*** Opening Records provided ***

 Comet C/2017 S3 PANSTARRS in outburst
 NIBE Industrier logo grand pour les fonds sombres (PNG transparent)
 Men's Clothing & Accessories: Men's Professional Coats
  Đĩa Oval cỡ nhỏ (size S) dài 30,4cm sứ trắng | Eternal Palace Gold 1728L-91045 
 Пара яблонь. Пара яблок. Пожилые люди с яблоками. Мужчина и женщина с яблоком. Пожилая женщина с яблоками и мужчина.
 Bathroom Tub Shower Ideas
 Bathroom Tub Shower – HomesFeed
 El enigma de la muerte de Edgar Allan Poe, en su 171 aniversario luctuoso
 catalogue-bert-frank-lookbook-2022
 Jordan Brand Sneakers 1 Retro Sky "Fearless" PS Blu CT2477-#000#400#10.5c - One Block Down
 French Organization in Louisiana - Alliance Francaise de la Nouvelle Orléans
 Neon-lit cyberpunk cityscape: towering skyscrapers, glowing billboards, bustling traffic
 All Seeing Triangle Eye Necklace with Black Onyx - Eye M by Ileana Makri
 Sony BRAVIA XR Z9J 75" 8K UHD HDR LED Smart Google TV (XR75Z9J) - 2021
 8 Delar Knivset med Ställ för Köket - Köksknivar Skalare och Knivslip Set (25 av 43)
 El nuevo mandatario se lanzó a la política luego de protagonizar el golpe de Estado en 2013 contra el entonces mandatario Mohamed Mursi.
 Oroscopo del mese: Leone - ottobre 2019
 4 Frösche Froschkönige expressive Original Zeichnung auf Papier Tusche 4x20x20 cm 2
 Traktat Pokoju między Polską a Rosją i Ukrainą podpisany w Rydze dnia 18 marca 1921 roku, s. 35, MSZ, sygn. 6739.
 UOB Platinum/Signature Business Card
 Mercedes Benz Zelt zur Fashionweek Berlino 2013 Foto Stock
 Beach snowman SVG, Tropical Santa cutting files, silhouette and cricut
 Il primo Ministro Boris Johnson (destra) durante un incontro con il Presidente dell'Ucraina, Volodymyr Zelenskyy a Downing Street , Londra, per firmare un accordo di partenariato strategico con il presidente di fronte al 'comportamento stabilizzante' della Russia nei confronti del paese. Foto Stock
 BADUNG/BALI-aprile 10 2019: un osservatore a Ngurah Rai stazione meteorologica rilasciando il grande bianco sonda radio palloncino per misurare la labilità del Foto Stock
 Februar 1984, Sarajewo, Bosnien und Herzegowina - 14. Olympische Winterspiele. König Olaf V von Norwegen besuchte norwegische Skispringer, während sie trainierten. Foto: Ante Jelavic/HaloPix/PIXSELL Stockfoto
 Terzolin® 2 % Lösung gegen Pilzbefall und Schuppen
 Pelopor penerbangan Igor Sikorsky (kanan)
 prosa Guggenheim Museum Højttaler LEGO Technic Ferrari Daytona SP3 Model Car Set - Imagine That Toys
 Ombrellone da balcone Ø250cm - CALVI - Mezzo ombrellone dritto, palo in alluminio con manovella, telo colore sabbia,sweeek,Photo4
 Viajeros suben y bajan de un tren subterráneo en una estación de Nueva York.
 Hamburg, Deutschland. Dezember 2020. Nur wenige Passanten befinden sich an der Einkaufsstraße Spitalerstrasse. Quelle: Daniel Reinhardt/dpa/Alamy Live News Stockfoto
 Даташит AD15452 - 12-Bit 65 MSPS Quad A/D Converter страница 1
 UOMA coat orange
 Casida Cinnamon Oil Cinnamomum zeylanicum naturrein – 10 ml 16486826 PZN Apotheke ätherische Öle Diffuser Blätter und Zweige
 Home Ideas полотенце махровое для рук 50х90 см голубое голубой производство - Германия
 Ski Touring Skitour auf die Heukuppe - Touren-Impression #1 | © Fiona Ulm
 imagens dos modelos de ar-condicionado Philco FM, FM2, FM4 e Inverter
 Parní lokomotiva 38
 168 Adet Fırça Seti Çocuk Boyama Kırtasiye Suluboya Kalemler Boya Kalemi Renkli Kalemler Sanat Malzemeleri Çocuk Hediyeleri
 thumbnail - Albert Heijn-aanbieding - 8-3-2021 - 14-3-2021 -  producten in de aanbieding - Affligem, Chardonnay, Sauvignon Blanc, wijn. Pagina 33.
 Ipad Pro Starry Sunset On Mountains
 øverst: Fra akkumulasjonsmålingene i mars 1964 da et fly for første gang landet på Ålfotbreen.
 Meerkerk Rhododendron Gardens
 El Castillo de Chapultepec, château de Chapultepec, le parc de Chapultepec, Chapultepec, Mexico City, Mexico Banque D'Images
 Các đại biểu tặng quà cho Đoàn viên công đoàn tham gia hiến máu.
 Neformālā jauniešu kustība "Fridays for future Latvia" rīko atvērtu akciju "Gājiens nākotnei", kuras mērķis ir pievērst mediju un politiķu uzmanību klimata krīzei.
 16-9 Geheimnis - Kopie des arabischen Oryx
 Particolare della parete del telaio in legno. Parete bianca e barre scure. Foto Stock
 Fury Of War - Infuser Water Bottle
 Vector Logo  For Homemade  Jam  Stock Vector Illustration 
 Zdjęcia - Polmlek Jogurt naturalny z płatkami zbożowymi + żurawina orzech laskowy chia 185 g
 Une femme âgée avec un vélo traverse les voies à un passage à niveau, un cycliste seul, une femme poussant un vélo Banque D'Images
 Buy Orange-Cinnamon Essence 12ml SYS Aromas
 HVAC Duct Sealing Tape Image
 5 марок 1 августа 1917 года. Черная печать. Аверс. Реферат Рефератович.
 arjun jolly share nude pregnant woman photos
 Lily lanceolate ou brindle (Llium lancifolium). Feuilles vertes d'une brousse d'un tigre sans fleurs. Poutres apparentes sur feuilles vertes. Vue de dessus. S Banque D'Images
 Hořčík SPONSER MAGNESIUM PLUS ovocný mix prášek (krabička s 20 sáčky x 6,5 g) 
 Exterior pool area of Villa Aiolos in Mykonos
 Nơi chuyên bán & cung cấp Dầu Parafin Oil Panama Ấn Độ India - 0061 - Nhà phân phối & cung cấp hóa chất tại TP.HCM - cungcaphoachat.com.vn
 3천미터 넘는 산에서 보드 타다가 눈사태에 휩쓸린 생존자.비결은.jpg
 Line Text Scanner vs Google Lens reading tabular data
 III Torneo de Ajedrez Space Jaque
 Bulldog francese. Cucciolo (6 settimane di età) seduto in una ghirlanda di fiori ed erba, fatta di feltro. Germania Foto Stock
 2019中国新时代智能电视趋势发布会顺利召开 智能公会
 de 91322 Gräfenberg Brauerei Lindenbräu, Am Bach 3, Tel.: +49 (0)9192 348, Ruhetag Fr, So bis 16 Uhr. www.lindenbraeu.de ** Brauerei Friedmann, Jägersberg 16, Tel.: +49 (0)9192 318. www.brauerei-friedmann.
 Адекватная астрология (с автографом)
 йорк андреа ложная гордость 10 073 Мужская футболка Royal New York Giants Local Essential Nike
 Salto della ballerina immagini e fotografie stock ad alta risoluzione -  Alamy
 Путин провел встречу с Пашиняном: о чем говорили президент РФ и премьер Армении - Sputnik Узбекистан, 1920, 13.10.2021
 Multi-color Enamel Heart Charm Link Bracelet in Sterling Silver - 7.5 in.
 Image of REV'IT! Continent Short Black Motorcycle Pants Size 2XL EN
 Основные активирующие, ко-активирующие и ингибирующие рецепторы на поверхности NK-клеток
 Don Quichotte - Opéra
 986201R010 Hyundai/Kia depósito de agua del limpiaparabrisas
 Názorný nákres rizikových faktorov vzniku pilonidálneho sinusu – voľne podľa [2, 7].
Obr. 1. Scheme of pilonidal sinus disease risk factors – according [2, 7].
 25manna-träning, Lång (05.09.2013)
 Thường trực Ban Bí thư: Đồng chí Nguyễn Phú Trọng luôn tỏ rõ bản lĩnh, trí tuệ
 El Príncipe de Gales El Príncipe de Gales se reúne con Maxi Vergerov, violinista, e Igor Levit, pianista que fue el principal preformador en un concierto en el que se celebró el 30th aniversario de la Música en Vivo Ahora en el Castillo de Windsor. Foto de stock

*** Closing Records provided ***

What you will do. Look above for the line with "Các đại biểu" and the line with "Stock Vector Illustration". Write out those two lines and all the lines between them, exactly, and no others.

Response.
 Các đại biểu tặng quà cho Đoàn viên công đoàn tham gia hiến máu.
 Neformālā jauniešu kustība "Fridays for future Latvia" rīko atvērtu akciju "Gājiens nākotnei", kuras mērķis ir pievērst mediju un politiķu uzmanību klimata krīzei.
 16-9 Geheimnis - Kopie des arabischen Oryx
 Particolare della parete del telaio in legno. Parete bianca e barre scure. Foto Stock
 Fury Of War - Infuser Water Bottle
 Vector Logo  For Homemade  Jam  Stock Vector Illustration 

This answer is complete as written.